Osteoporosis in Men

Osteoporosis is not just a significant health problem for women. Oteoporosis in men is  prevalent with aging men, yet the disease often goes undiagnosed or untreated until a bone fracture occurs, according to a paper published in the June 2006 issue of the Journal of the American Academy of Orthopaedic Surgeons.

These fractures, which are treated primarily by orthopaedic surgeons, can play an important role in identifying men with osteoporosis so the disease also can be treated.

It is estimated that more than two million men in the United States have osteoporosis. According to the paper, which is an extensive review of the current literature on this disease, 30 percent of hip fractures occur in men, and those men have twice the mortality rate of women during the initial hospitalization and first post-fracture year.

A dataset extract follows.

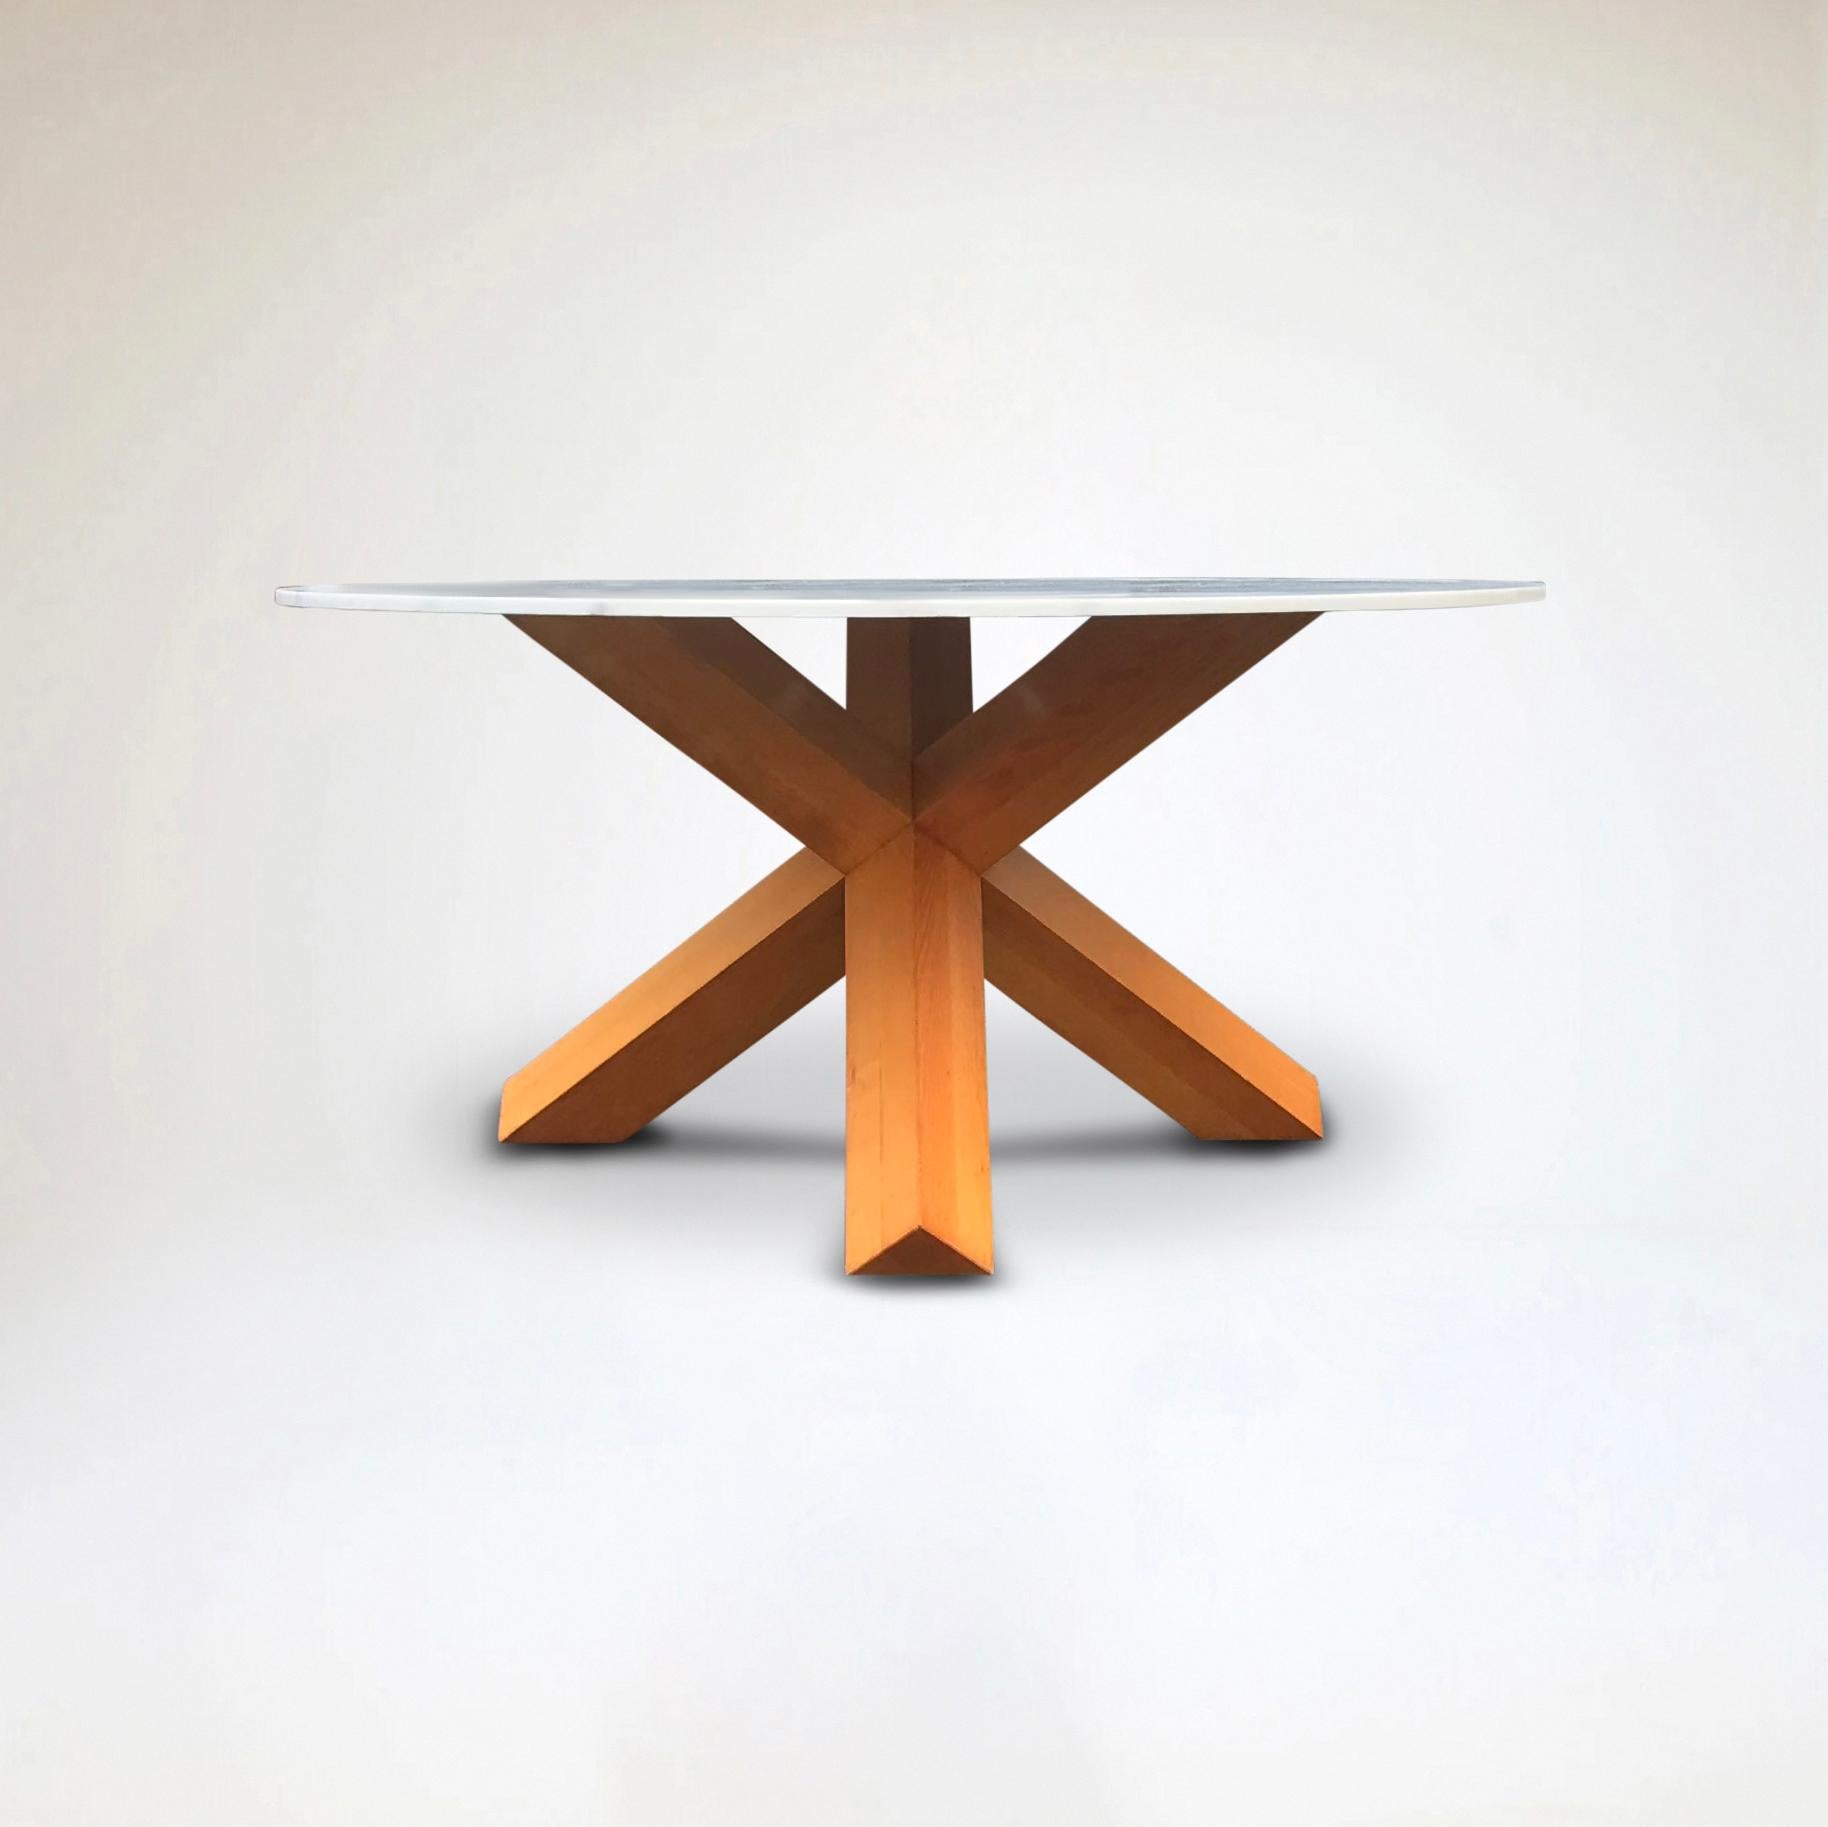 Der 1976 von Mario Bellini entworfene Tisch La Rotonda hat einen einfachen, skulpturalen Sockel, eine diagonale Kreuzung aus drei Beinen mit quadratischem Querschnitt, die eine runde, 165 cm lange Tischplatte trägt, die durch starke, direkt aus dem

One third of men who suffer a hip fracture lose independence and must move into a nursing facility or a relative’s home. With 77 million baby boomers aging, the prevention, diagnosis and treatment of men with osteoporosis is crucial to preventing these fragility fractures.

Men who are most likely to have osteoporosis are those who are over the age of 75, have a low body-mass index, have lost more than 5 percent of their body weight during the previous four years, currently smoke and are physically inactive; at least 50 percent of the causes of osteoporosis in men can be traced to other diseases or lifestyle choices.

Men are more likely than women to have osteoporosis secondary to an underlying disease or metabolic problem.